The goal of this technology is to automatically generate questions based on 'factoids' that are present in a sentence. An illustration, based on sentence #1 below, will help clarify the scope and working of a standalone QG system (see [1] for a detailed review):

  • 1. The lawyer advised the man bitten by the dog in the park not to sue the city.
  • We define a 'factoid' as an 'interesting' piece of information that can be queried in a sentence, and can be identified through syntactic analysis. For instance, 'Which factoids' are usually Noun Phrases such as 'the man bitten by the dog in the park' in sentence #1 below. 'Where factoids' are usually Preposition Phrases such as 'in the park' in #1 below. 'What factoids' are usually based on propositions such as 'the man should not sue the city' in #1 below. There are similar conditions for identification of 'When/Why/How/Whether factoids'. Crucially, 'factoids' can be identified largely through syntactic analysis (i.e. they do not require 'reading between the lines' for e.g. there is no need to semantically associate 'lawyer' with 'attorney'). We will discuss the concept of 'interesting' later in this section.

    The input for a Question Generation system is a high-quality parse-tree produced by a Deep Parser.
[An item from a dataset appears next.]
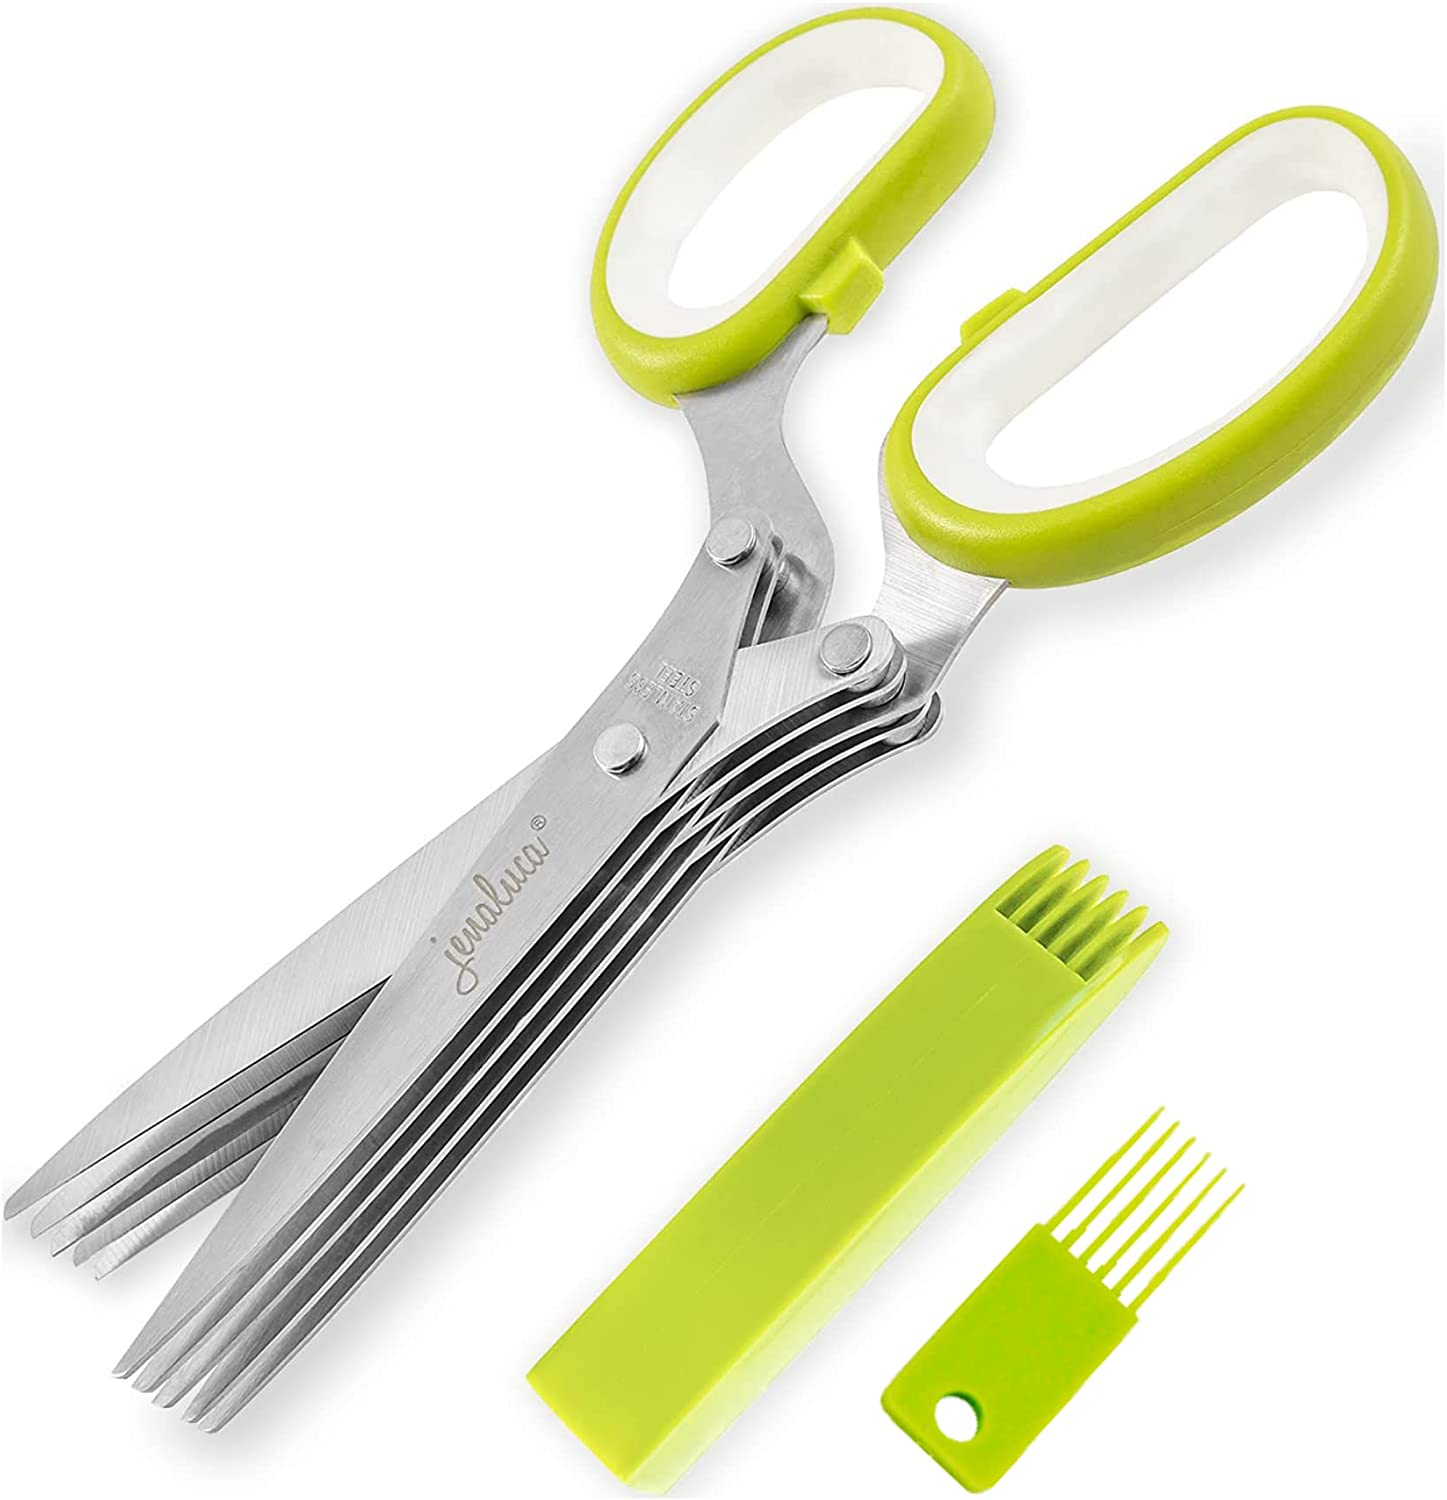 Herb scissors  Affordable kitchen appliances

A Question Generation system is best suited for sentences that are shorter than 25 words, because the quality of parse-trees declines for long sentences. The Deep Parser should produce a parse-tree that enables us to 'split' sentence #1 into the following 'split' sentences:

  • 2. A man was bitten by the dog in the park.
  • 3. The dog bit a man in the park.
  • 4. The lawyer advised that man.
  • 5. That man was advised not to sue the city.
  • From the above 'split' sentences, we should be able to generate the following questions:

  • 6. Question: Which man did the lawyer advise ? Answer: The man who was bitten by the dog in the park.
  • 7. Question: Where did the dog bite the man ? Answer: The dog bit the man in the park.
  • 8. Question: What did the lawyer advise the man bitten by the dog in the park ? Answer: The man should not sue the city.
  • Notice that #7 above is a question in 'active' voice, whereas it was based on a clause in 'passive' voice in sentence #1. Of course, this transformation is only possible if the Agent is present, and can be identified as such, in the sentence.
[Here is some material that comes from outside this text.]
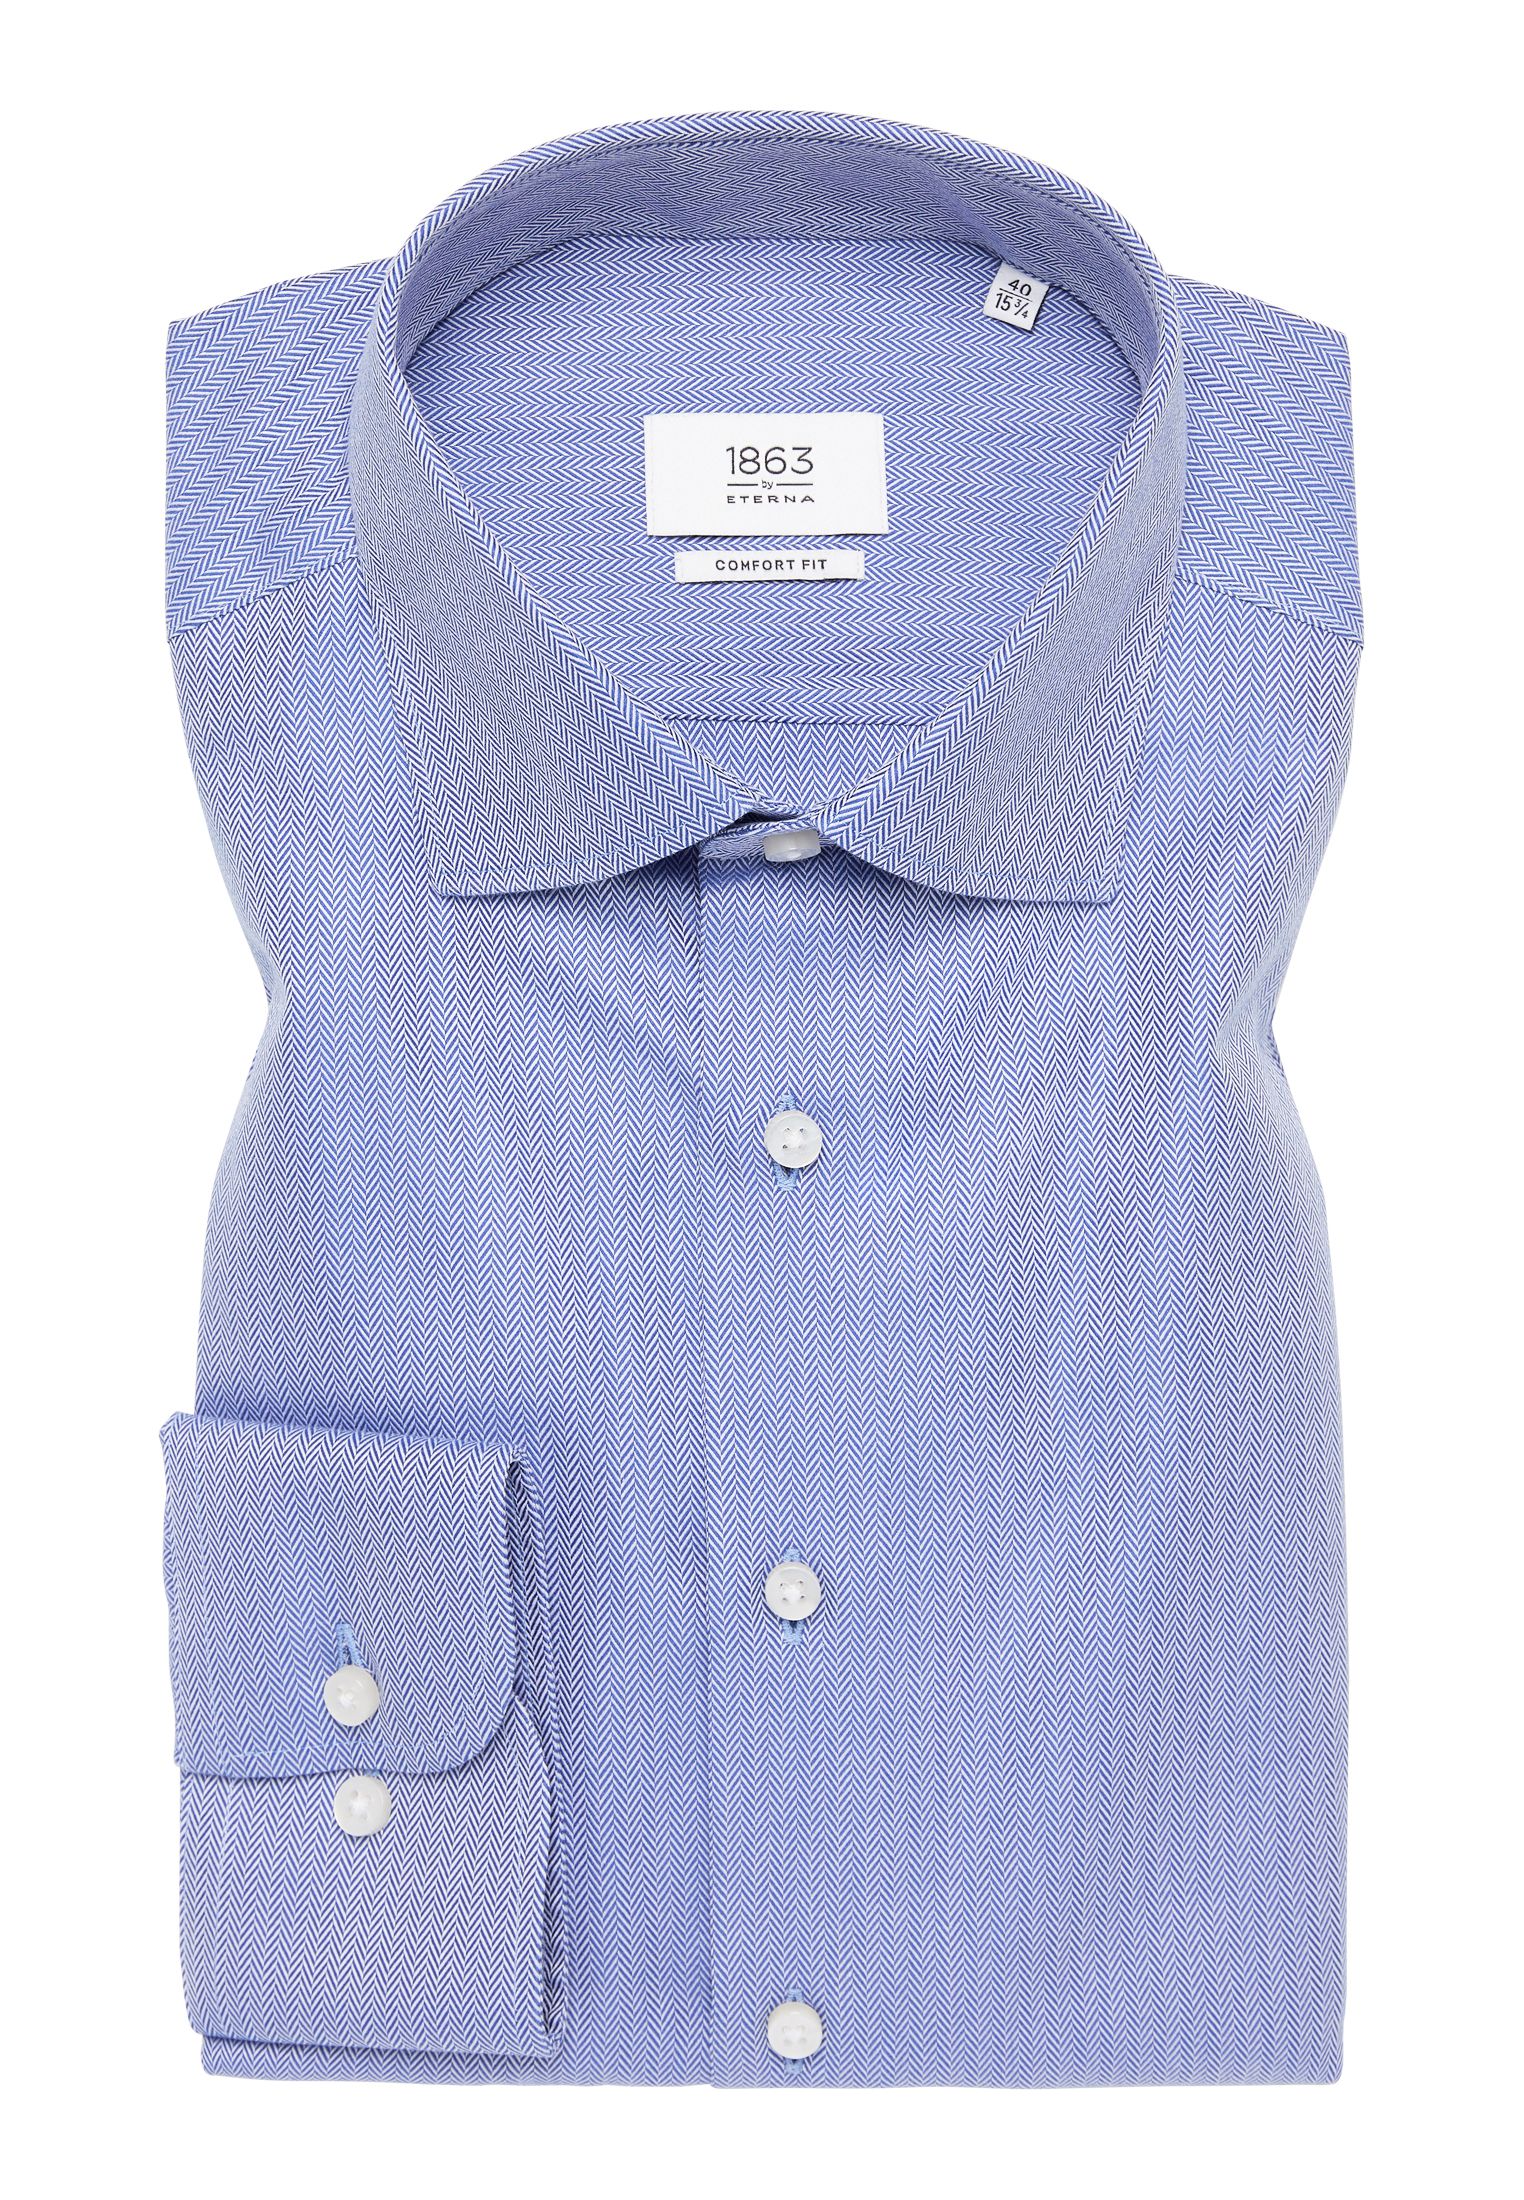 COMFORT FIT Shirt in royal blue plain | royal blue | 40 | long sleeve |  1SH12506-01-51-40-1/1

    Notice also that #6 asks the question 'which man', to which the answer provides some additional information that is available to identify 'the man' i.e. 'the man who was bitten by the dog in the park'. Our technology considers a 'factoid' to be 'interesting' only if it has a little more information than the question based on the 'factoid', or it provides additional contextual information. The 'where' question in #7 above provides additional contextual information i.e. 'the place where the dog bit the man'. In contrast, if we ask the question 'which lawyer', we can only expect the uninformative answer 'the lawyer'. While more information may be available about 'the lawyer' or 'the city' in preceding sentences of the passage, this is a more difficult problem. For similar reasons, it is risky to generate questions involving 'pronouns' (for e.g. 'he') or 'demonstratives' (for e.g. 'those lawyers'). Linking of 'factoids' across sentences in a passage can also be taken up only if 'False Positives' can be minimized.
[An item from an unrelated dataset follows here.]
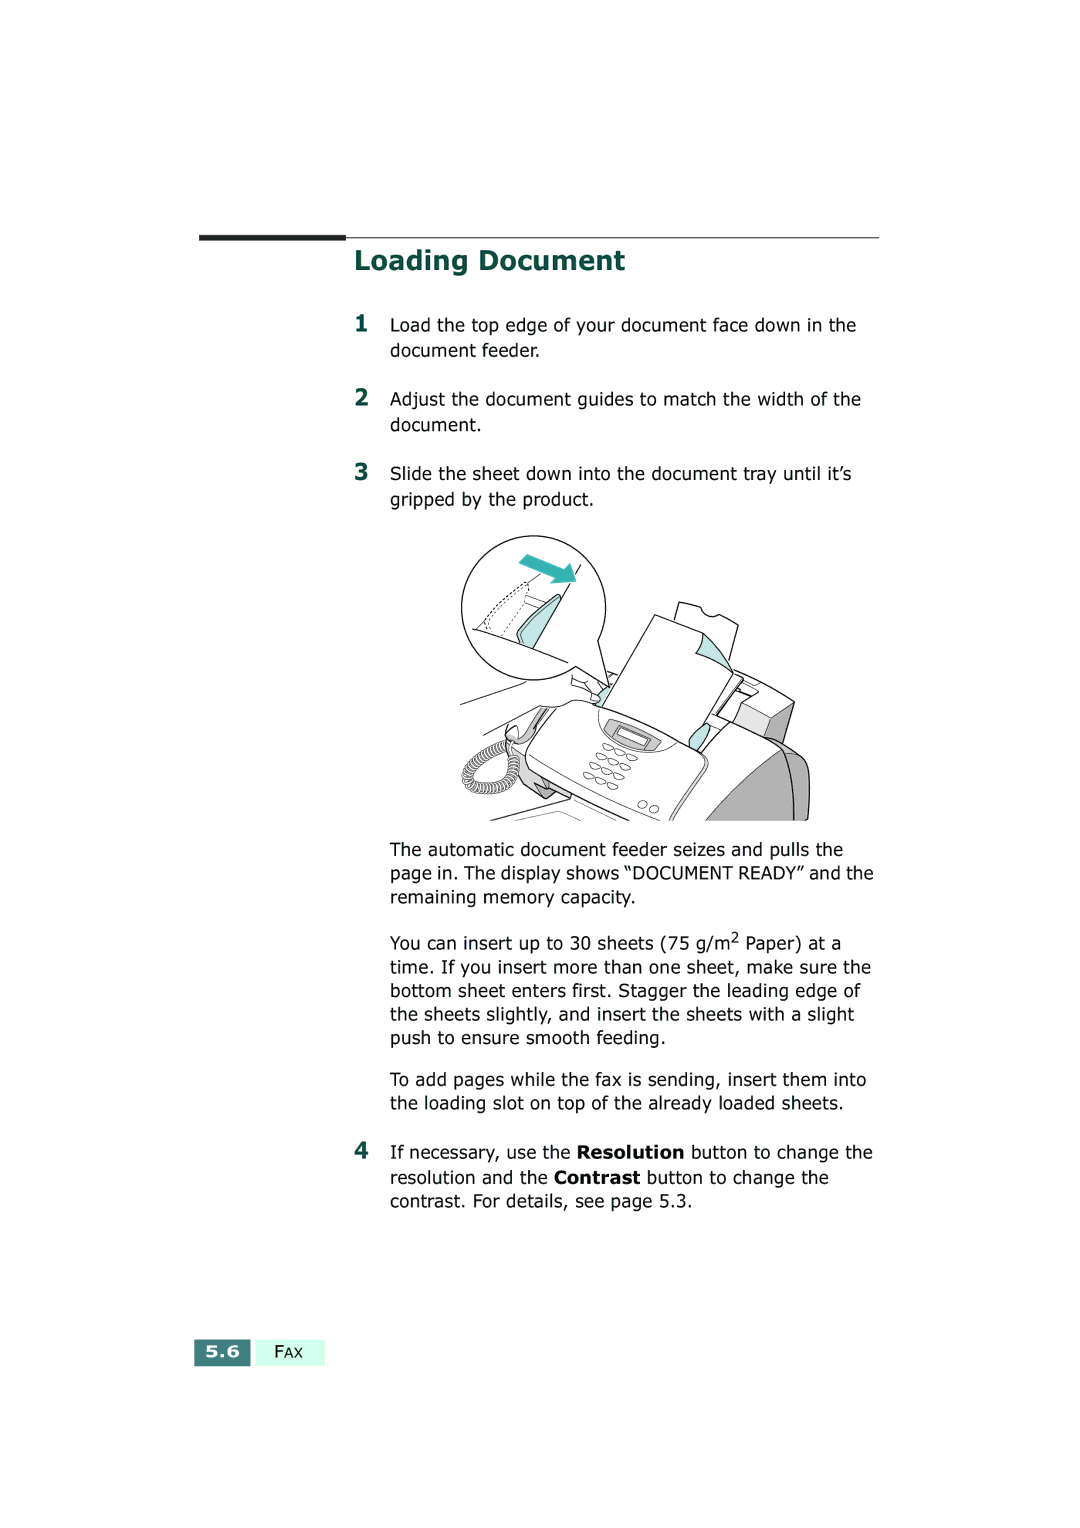 Samsung SF-430 manual Loading Document

    It must also be noted that the questions that are generated may not be limited to 'key' facts alone. A syntactic analysis cannot reliably distinguish 'key' facts from 'non-key' ones; however, if sentences are ranked in order of their importance in the passage (a sentence with a high rank will have many 'concepts' in common with other sentences in the passage). Further, in order to avoid generating 'False Positives', many questions will not be generated by the system. We must also consider the possibility that 'the park' was the place where 'the lawyer did the advising' (and not the place where 'the dog did the biting' as assumed by the Deep Parser). Clearly, sentence #1 is ambiguous in this respect; however, a human would probably reason that lawyers probably advise their clients in chambers (and not in parks), whereas dogs play in parks (and poorly trained dogs could bite people in parks). A syntactic Deep Parser usually focuses on sentence-level structures and leaves 'reasoning about the world' to downstream systems.